=== PROBLEM ===
Please repeat the listing below exactly, but do not include its pictures.

=== DATASET EXCERPT ===
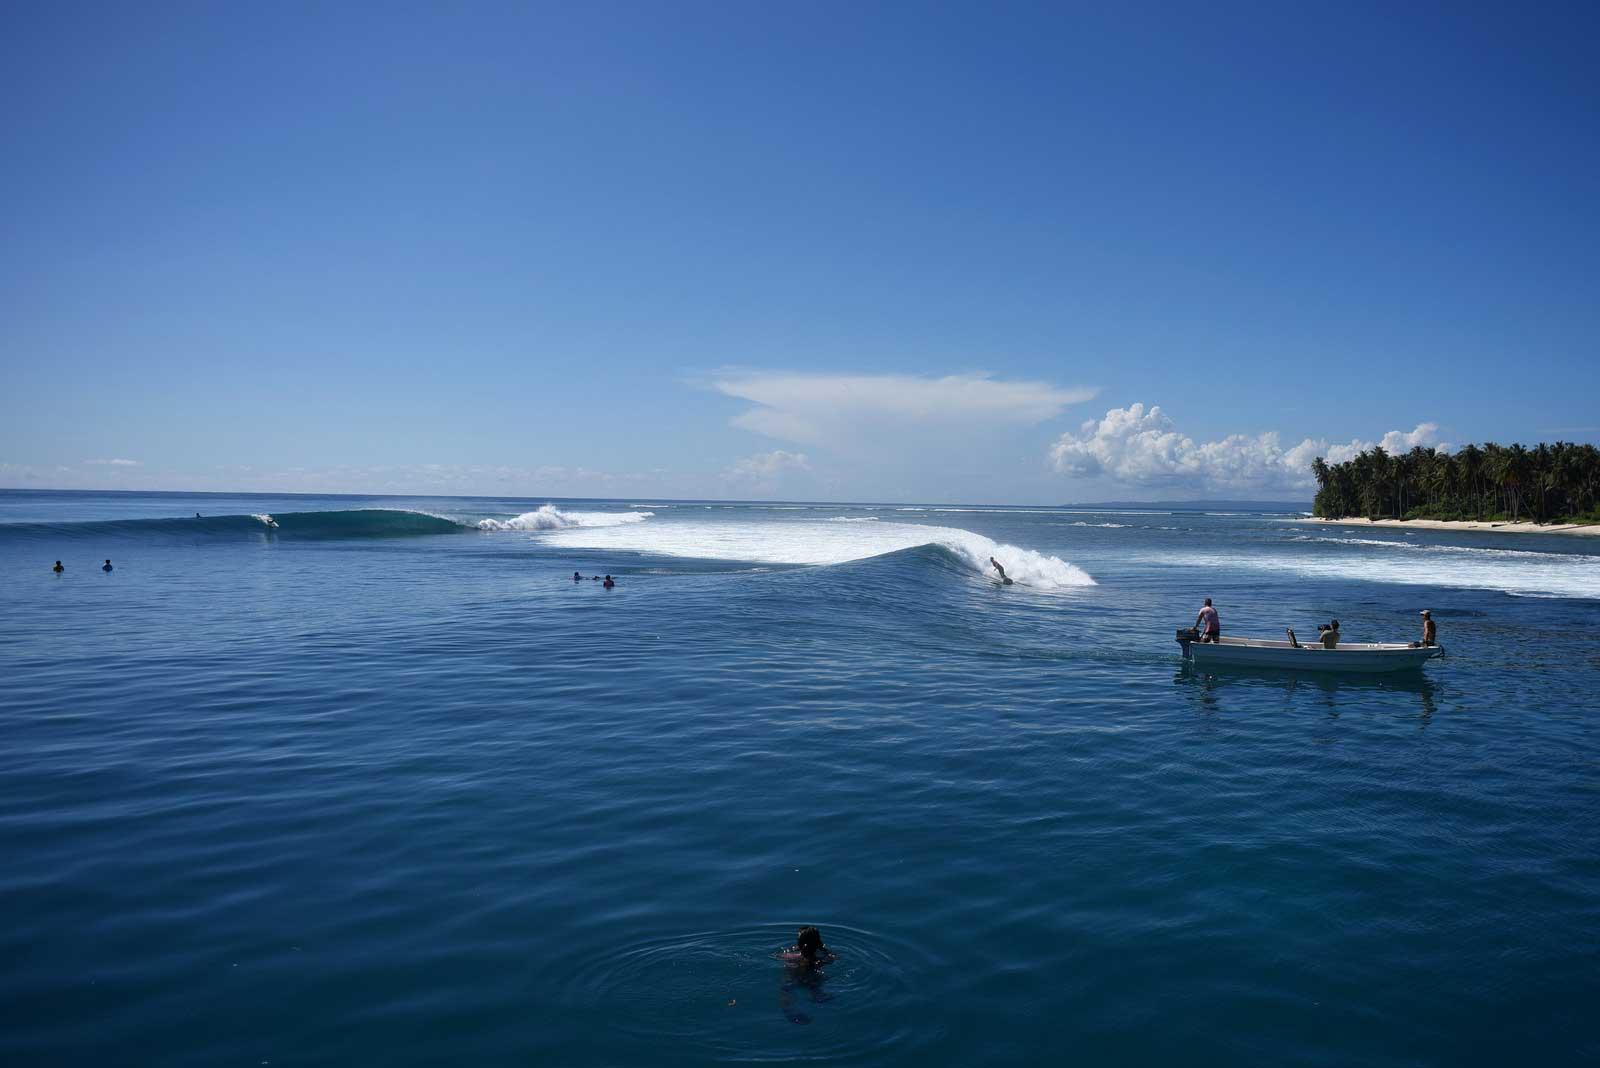 """Die Endsection der Welle trägt den Namen """"Surgeon's Table"""" aus gutem Grund: Etliche Surfer haben dort ihre Haut zurück gelassen."""
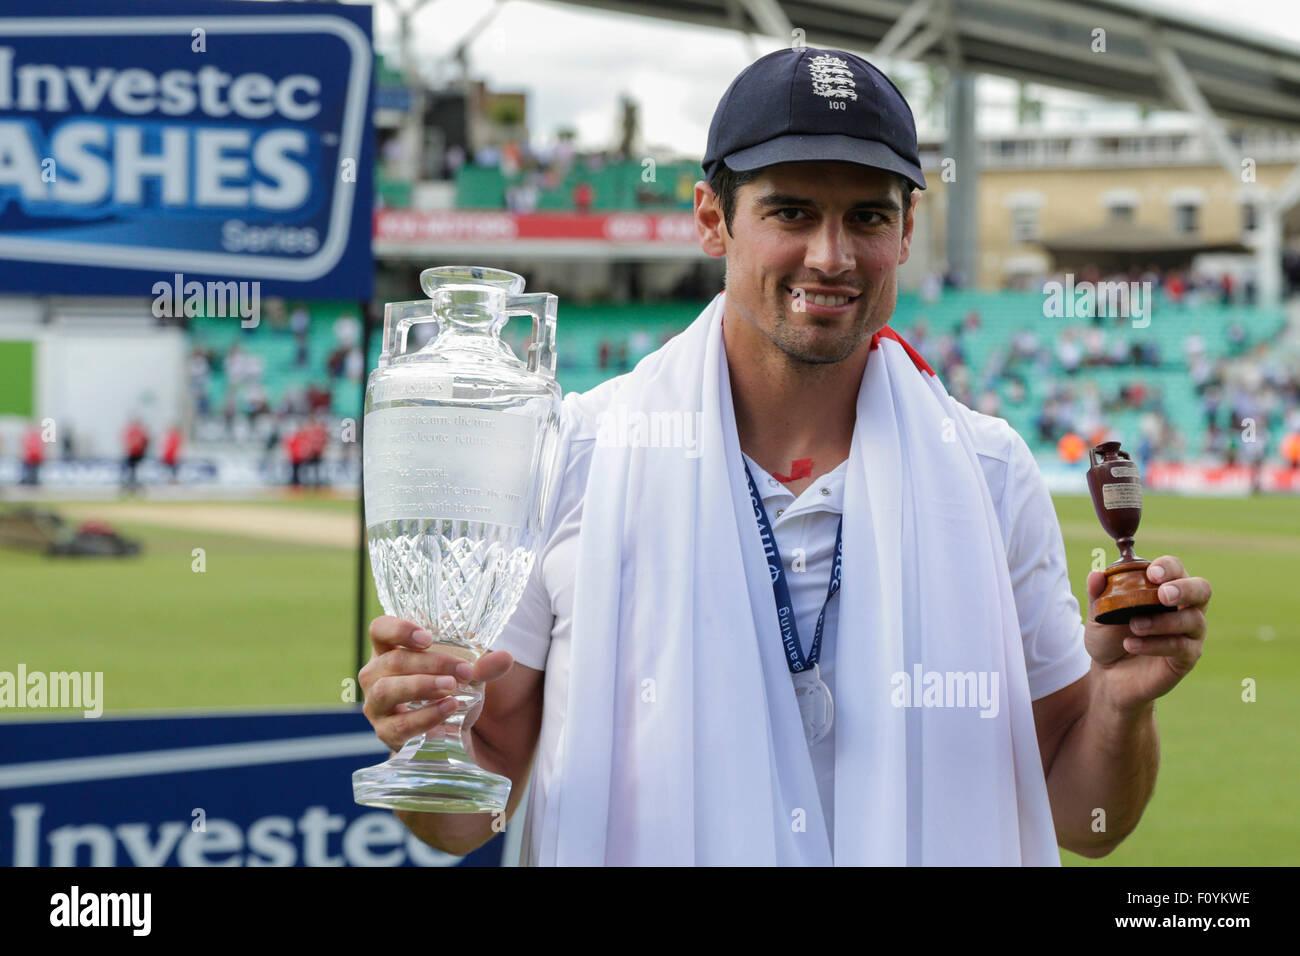 Londres, Royaume-Uni. Août 23, 2015. Investec Cendres 5ème Test, jour 4. L'Angleterre contre l'Australie. Photo Stock
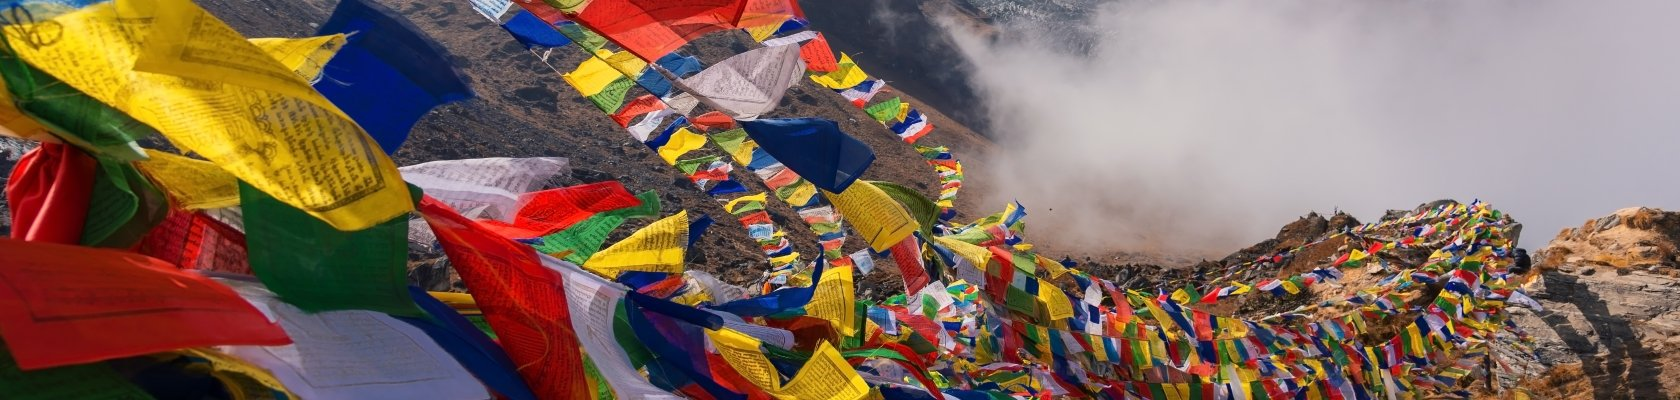 Tibet, gebedsvlaggetjes

=== ANSWER TO THE EXERCISE ===
 """Die Endsection der Welle trägt den Namen """"Surgeon's Table"""" aus gutem Grund: Etliche Surfer haben dort ihre Haut zurück gelassen."""
 Londres, Royaume-Uni. Août 23, 2015. Investec Cendres 5ème Test, jour 4. L'Angleterre contre l'Australie. Photo Stock
 Tibet, gebedsvlaggetjes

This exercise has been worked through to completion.